Stored data
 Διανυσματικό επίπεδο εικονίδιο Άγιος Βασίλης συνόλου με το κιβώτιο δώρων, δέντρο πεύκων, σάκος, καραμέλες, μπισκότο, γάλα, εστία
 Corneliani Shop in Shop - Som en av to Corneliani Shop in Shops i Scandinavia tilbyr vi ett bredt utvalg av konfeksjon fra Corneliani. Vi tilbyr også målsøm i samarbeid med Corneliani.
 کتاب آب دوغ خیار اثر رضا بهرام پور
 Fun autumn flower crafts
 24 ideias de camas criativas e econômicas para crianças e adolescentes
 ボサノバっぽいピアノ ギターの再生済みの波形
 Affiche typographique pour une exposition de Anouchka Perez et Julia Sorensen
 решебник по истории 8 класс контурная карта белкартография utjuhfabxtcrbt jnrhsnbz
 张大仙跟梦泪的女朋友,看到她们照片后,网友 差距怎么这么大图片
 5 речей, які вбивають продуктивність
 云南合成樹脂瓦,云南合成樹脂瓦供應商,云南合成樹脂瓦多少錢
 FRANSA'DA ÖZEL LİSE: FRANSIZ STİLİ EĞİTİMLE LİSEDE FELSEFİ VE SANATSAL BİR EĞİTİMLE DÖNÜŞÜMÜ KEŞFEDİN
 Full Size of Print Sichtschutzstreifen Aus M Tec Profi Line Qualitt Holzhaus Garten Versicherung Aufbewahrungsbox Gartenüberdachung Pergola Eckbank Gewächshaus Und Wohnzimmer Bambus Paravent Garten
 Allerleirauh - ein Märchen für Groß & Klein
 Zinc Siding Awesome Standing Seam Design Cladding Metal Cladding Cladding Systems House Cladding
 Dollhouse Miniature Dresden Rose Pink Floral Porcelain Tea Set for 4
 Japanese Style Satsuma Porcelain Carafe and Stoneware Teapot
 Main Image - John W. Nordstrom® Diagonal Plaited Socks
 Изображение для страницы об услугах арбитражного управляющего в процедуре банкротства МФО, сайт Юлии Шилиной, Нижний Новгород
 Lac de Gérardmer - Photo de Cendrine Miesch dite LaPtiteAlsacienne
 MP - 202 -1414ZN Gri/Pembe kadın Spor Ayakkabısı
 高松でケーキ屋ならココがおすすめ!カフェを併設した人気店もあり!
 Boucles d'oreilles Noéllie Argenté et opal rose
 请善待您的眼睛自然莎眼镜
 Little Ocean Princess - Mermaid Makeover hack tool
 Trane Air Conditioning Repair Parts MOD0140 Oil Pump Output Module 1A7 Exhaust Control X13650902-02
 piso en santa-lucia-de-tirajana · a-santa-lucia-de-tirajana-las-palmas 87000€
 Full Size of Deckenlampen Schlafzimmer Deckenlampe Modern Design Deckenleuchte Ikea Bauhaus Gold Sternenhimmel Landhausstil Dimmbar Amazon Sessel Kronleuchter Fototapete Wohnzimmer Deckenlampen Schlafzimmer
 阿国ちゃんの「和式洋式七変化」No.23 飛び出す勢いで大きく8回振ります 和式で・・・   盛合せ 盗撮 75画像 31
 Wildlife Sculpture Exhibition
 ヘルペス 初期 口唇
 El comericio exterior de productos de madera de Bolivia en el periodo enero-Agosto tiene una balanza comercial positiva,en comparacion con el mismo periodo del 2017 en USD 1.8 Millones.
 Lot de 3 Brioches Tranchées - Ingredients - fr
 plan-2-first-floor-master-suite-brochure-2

• What needs to be done: An exact, complete copy of the lines above from the one with "Affiche typographique pour" through the one with "piso en santa-lucia-de-tirajana" is the whole answer.

• Response to the exercise:
 Affiche typographique pour une exposition de Anouchka Perez et Julia Sorensen
 решебник по истории 8 класс контурная карта белкартография utjuhfabxtcrbt jnrhsnbz
 张大仙跟梦泪的女朋友,看到她们照片后,网友 差距怎么这么大图片
 5 речей, які вбивають продуктивність
 云南合成樹脂瓦,云南合成樹脂瓦供應商,云南合成樹脂瓦多少錢
 FRANSA'DA ÖZEL LİSE: FRANSIZ STİLİ EĞİTİMLE LİSEDE FELSEFİ VE SANATSAL BİR EĞİTİMLE DÖNÜŞÜMÜ KEŞFEDİN
 Full Size of Print Sichtschutzstreifen Aus M Tec Profi Line Qualitt Holzhaus Garten Versicherung Aufbewahrungsbox Gartenüberdachung Pergola Eckbank Gewächshaus Und Wohnzimmer Bambus Paravent Garten
 Allerleirauh - ein Märchen für Groß & Klein
 Zinc Siding Awesome Standing Seam Design Cladding Metal Cladding Cladding Systems House Cladding
 Dollhouse Miniature Dresden Rose Pink Floral Porcelain Tea Set for 4
 Japanese Style Satsuma Porcelain Carafe and Stoneware Teapot
 Main Image - John W. Nordstrom® Diagonal Plaited Socks
 Изображение для страницы об услугах арбитражного управляющего в процедуре банкротства МФО, сайт Юлии Шилиной, Нижний Новгород
 Lac de Gérardmer - Photo de Cendrine Miesch dite LaPtiteAlsacienne
 MP - 202 -1414ZN Gri/Pembe kadın Spor Ayakkabısı
 高松でケーキ屋ならココがおすすめ!カフェを併設した人気店もあり!
 Boucles d'oreilles Noéllie Argenté et opal rose
 请善待您的眼睛自然莎眼镜
 Little Ocean Princess - Mermaid Makeover hack tool
 Trane Air Conditioning Repair Parts MOD0140 Oil Pump Output Module 1A7 Exhaust Control X13650902-02
 piso en santa-lucia-de-tirajana · a-santa-lucia-de-tirajana-las-palmas 87000€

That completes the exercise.